First, straight TD training, as described by Sutton, is about 20
times as fast as doing a 1-ply search on every position. That is,
you can complete 20 times as many games of training in the same
amount of time. 1-ply lookahead training does develop lower
statistical variance as training progresses, so you get some of
that advantage back because you require fewer training games to
reach the same level of play. But nothing like a factor of 20.
Second, training is non-stationary. That is: as your evaluation
trains, the evaluation of each training position changes. This
implies that you need a strategy for recomputing the evaluations
of the parasite pool as evolution proceeds.
Third, straight TD from no initial knowledge has proven to be
sufficient for this task. An advanced training mechanism
might not be the answer.
Fourth, there is a condition attached to the sufficiency of TD:
you must have inputs to the neural network that are sufficient
to capture expert judgment. You might find that constructing
such a set of features is a very difficult task.
> right now NN programs seem to have trouble with backgames
> and outfield primes. Why? Well, the earlier training teaches
> them to play in such a way as to avoid having that many men
> back, so they rarely get into such a situation. Even when they
> do, they play it badly and don't learn the right things.
This is a promising theory, but isn't there an alternative
explanation? JF might not have the positional features it needs
to play such situations tactically well. For instance, does it
have a pattern for slotting the back of a prime? What about
a pattern for bringing checkers to bear on escape points? What
about rules for when it should split an anchor in a backgame?

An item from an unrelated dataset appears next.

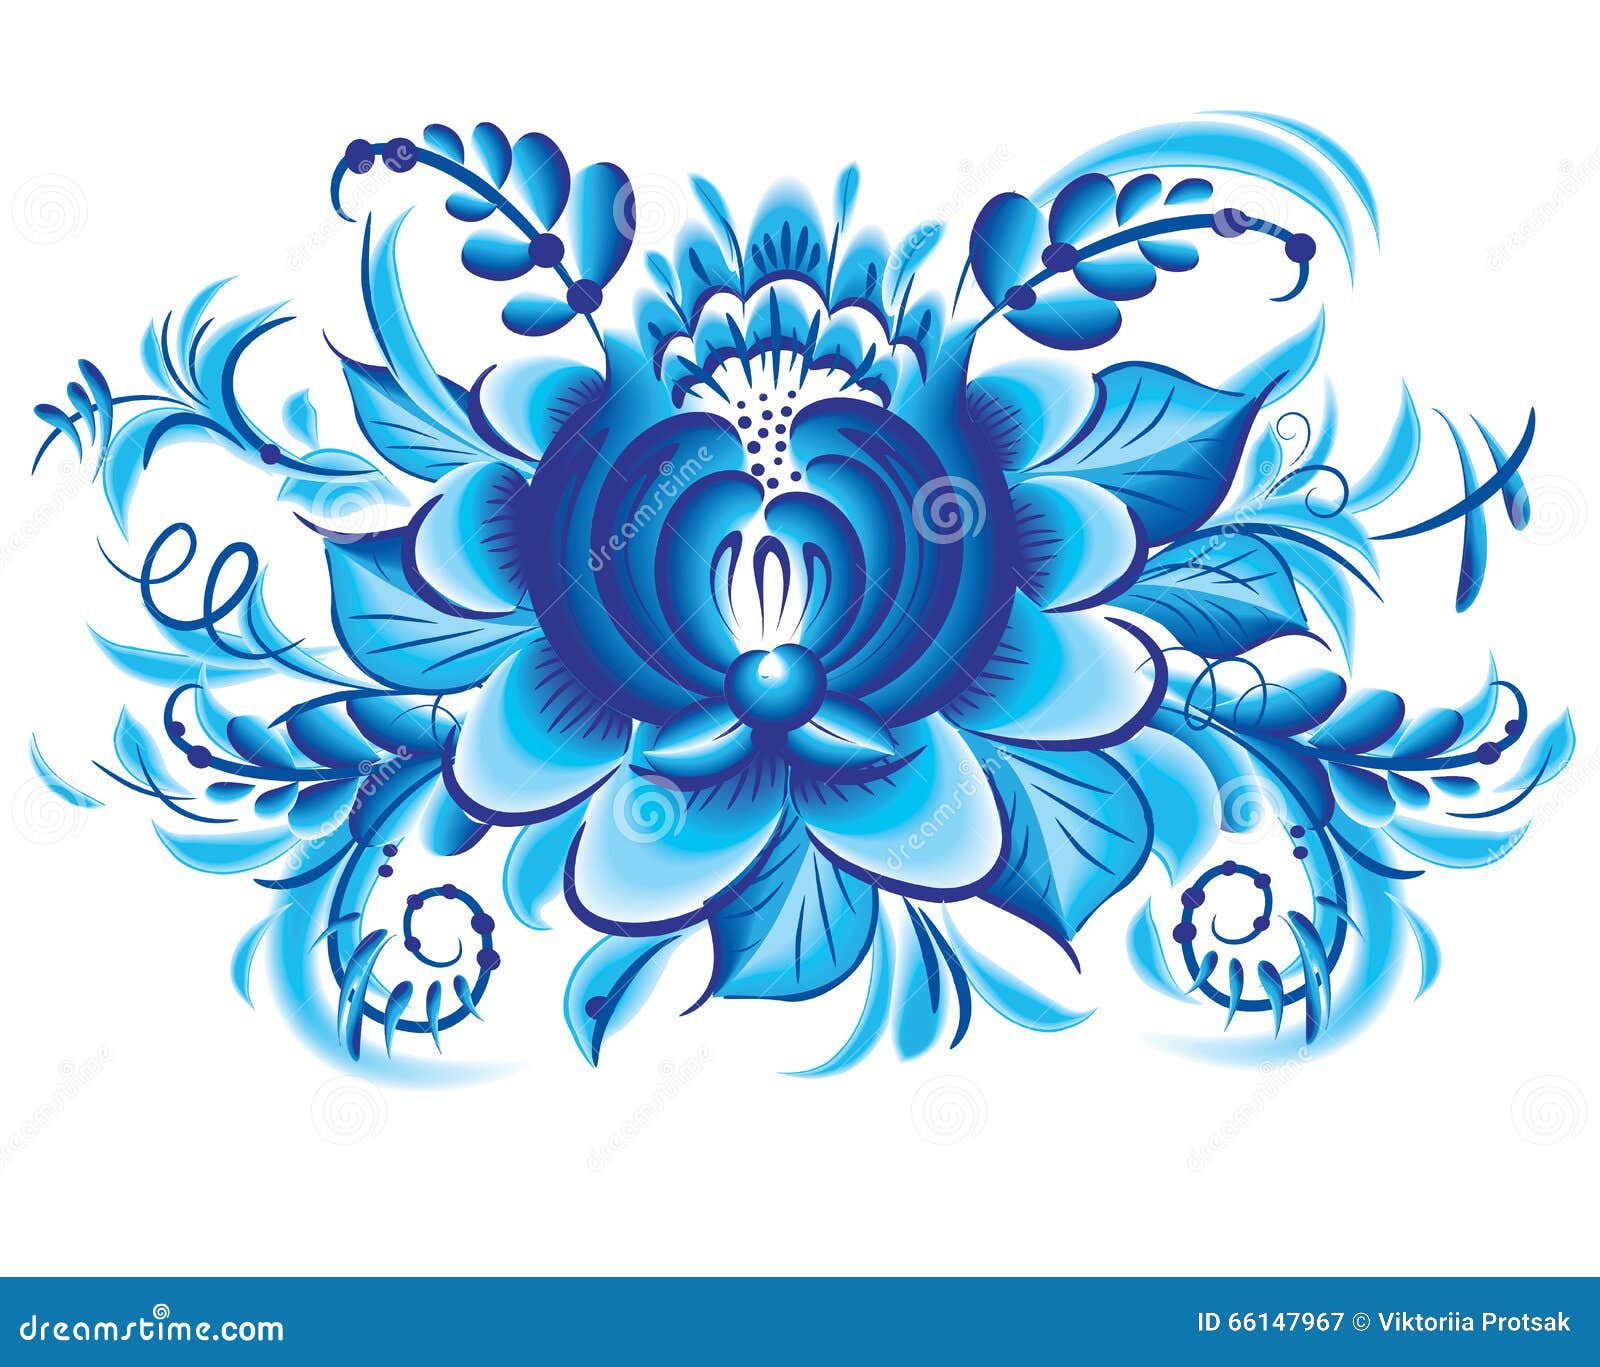 blue flower in gzhel style

If a neural network is missing an essential piece of positional
knowledge, then the network has very little chance of synthesizing
that knowledge.
Also, I recall that Tesauro had a trick for inducing TD-Gammon to
train positions that were unlikely to occur. The purpose of this
trick was to make TD-Gammon explore the search space thoroughly. It
was something like "start with a neural network that has a high
opinion of every position." Details are probably in one of his
TD-Gammon papers.
OK, that does it. I am looking forward to the fruits of your research,
and if you ever want to pass an idea by me, feel free.
Warm Regards,
Brian
|